Brno Mobile OCR Dataset (B-MOD) is a collection of 2 113 templates (pages of scientific papers). Those templates were captured using 23 various mobile devices under unrestricted conditions ensuring that the obtained photographs contain various amount of blurriness, illumination etc. In total, the dataset contains 19 725 photographs and more than 500k text lines with precise transcriptions. The template pages are divided into three subsets (training, validation and testing).

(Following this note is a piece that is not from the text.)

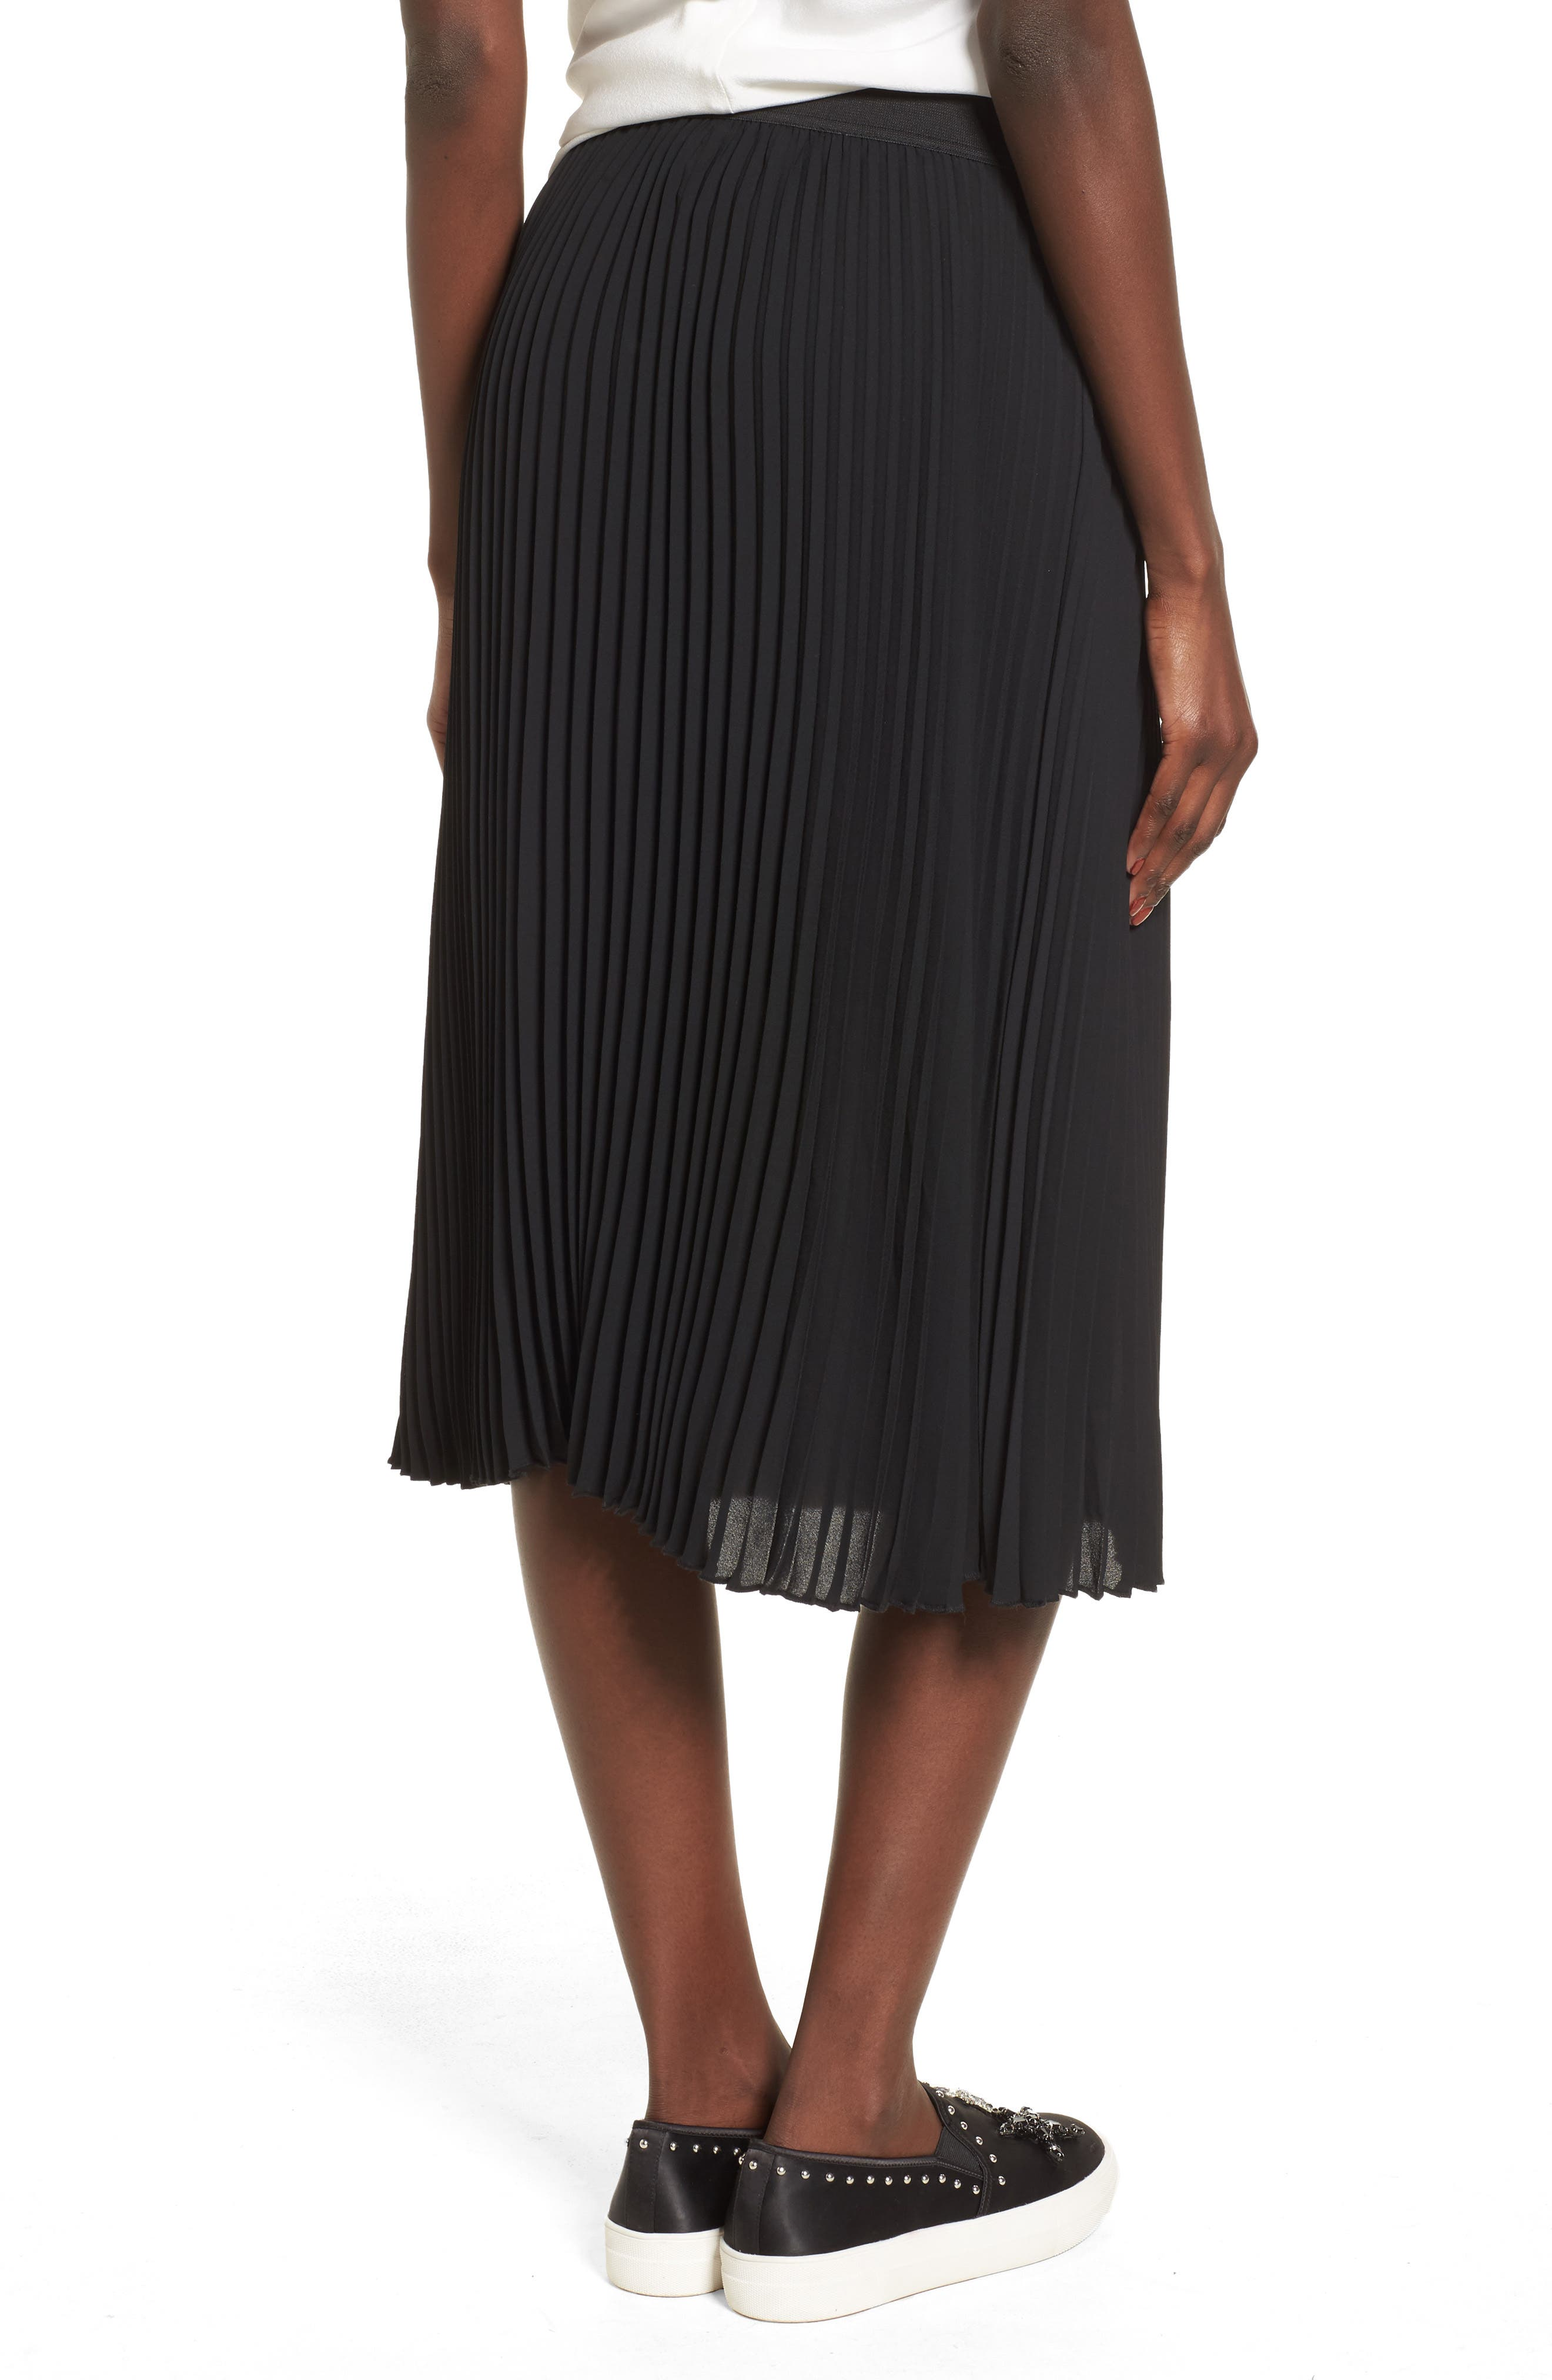 BP. Apparel Skirts: A-Line, Pencil, Maxi, Miniskirts & More ...

This dataset may be used for non-commercial research purpose only. If you publish material based on this dataset, we request you to include a reference to the paper:

M. Kišš, M. Hradiš, and O. Kodym, “Brno Mobile OCR Dataset” in 2019 15th IAPR International Conference on Document Analysis and Recognition (ICDAR), IEEE, 2019.

You can download the dataset and evaluate your OCR system below.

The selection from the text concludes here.